Unfair Dismissal and Employment Lawyers in New South Wales (Australia)

Depending on the identity of your employer, you will be covered by one of two sets of unfair dismissal laws if you get employment in NSW.

 

Laws that govern unfair dismissal

As a public sector employee (working for the State or a local government and not the Commonwealth), you fall under the New South Wales industrial relations system. Part 6 of the Industrial Relations Act 1996 (NSW) contains unfair dismissal laws.

You come under New South Wales’s national workplace relations system if you work in the private sector or the Commonwealth. The Fair Work Act 2009 contains laws pertaining to unfair dismissal in Part 3-2.

New South Wales does not allow workers to seek remedies for unfair dismissal in certain circumstances, for example, contractors, casual employees and trainees.

In New South Wales, what is unfair dismissal?

If you believe the dismissal in NSW was harsh, unreasonable, or unjust, you can bring a claim of ‘unfair dismissal’ under the Industrial Relations Act 1996. The term ‘dismissal’ also includes threats to dismiss an employee.

Under the national Fair Work Act 2009, harsh, unreasonable and unjust dismissals are defined as not genuine redundancies and do not comply with the Small Business Fair Dismissal Code for employees of businesses with fewer than 15 employees. In addition, it covers situations in which an employee resigns due to their employer’s behaviour.

Unfair dismissal is most likely to occur in one of the following situations:

  • Dismissal without a valid reason
  • When an employee has not been informed of the grounds for their dismissal, or
  • Employees terminated for poor performance without being informed of their poor performance.
  • Eligibility to bring an “unfair dismissal” claim in New South Wales

 

An unfair dismissal claim is filed with the Industrial Relations Commission in NSW. Their website has the appropriate form for filing a claim. A registered industrial organization of which you are a member may also claim.

You have to file an unfair dismissal claim within 21 days of dismissal. Certain kinds of employees can only bring unfair dismissal claims. In general, you must either be employed in the public sector under an enterprise agreement or state industrial award or earn $133,000 or less annually.

 

Unfair dismissal claims cannot be filed if you are:

  • Employed to do a specific job
  • Working under a contract for less than six months,
  • Someone who is employed for fewer than six months or is an apprentice or trainee.

 

New South Wales unfair dismissal Procedure

In order to make a claim for unfair dismissal, you must first take part in a conciliation process with your former employer. Conciliation means resolving a dispute without a formal hearing.

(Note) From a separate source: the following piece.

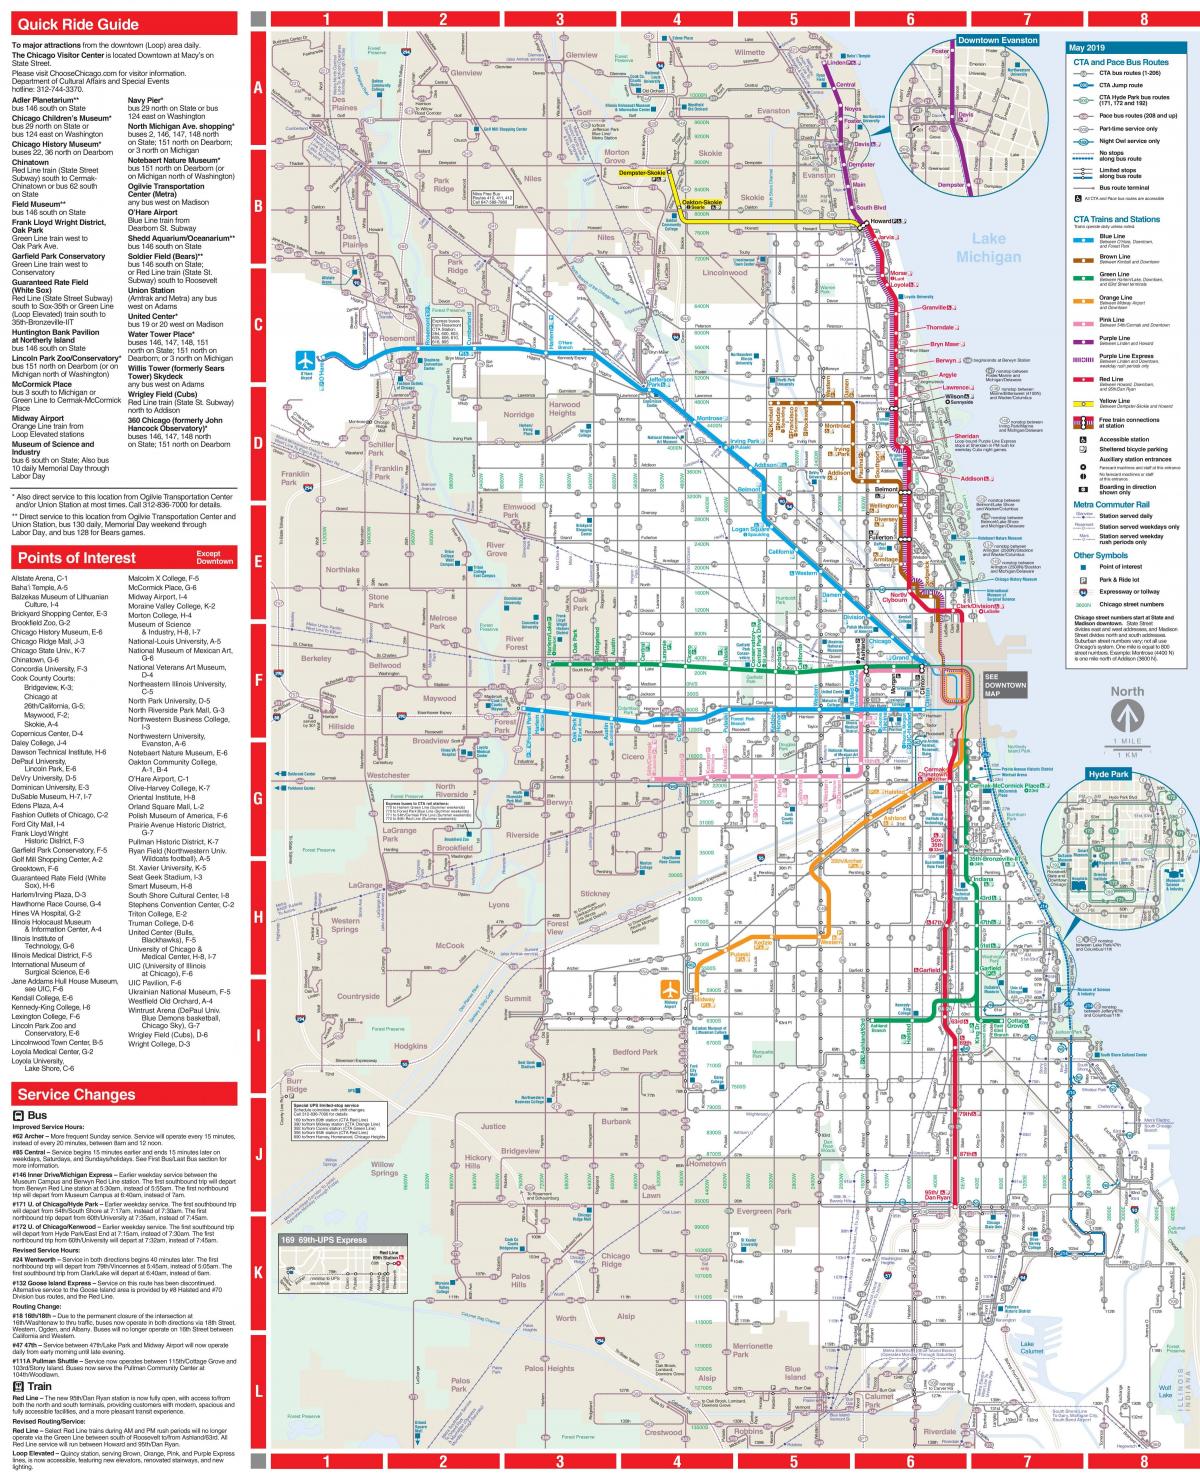 Plan des transports publics de Chicago

An Industrial Relations Commission member oversees the conciliation process. Anyone can be involved, including a friend, a family member, a union representative, or a lawyer if permitted.

The outcome of conciliation may be, for instance, a financial settlement or a retroactive resignation.

 

An arbitration process for unfair dismissal cases

If you fail in the conciliation process, the Industrial Relations Commission will conduct an arbitration hearing. Industrial agents and lawyers are allowed to represent you at the hearing, provided that they submit a certificate saying that they believe you have a reasonable chance of winning.

Written statements will need to be filed and exchanged (‘served’). After hearing from both parties, the Commission member may issue a number of orders.

If you win your case against your employer, you may receive compensation for ‘lost wages’. The Commission can only order compensation for lost wages for up to six months.

 

Commonwealth law eligibility for unfair dismissal claims

Employees in the private sector in NSW and Commonwealth employees can bring unfair dismissal claims to the Fair Work Commission under the national workplace relations system. A claim can be made by filing an appropriate form that you must file within 21 days of being dismissed.

The Fair Work Commission can only hear unfair dismissal claims from some types of employees. This includes employees in the private sector who:

 

  • Having worked for at least six months (or 12 months for employers with fewer than 15 employees);
  • Awarded or covered by an enterprise agreement, or
  • Have a salary of 133,000 dollars or less.

Contractors, casual workers, and trainees won’t meet these requirements if they are employed only for a short period of time, which is less than the required employment period.

 

How unfair dismissal claims handled under Commonwealth law?

Generally speaking, the Fair Work Commission is required to listen to informal conciliation complaints by the private sector and Commonwealth government employees who have experienced unfair dismissal.

Fair Work Commission will hold a hearing investigation or conference if conciliation fails. A ‘Notice of Listing’ will let you know which applies to your application; conferences generally take place in private, while hearings occur in public.

A lawyer will usually need permission to represent you at conferences or hearings. There you can also use Witness statements as evidence. During the hearing or conference, the member overseeing the hearing or conference will weigh the evidence presented by both parties and decide if your dismissal was unfair. A member of the Board should consider a number of factors, such as whether a valid reason for your dismissal existed, and whether you were informed of the reason for your dismissal.

If your dismissal is unfair, the two main remedies are reinstatement in your previous job or financial compensation (usually the equivalent of 26 weeks’ wages or half of your salary if you earn more than $133,000). There are very few situations where you will receive maximum compensation.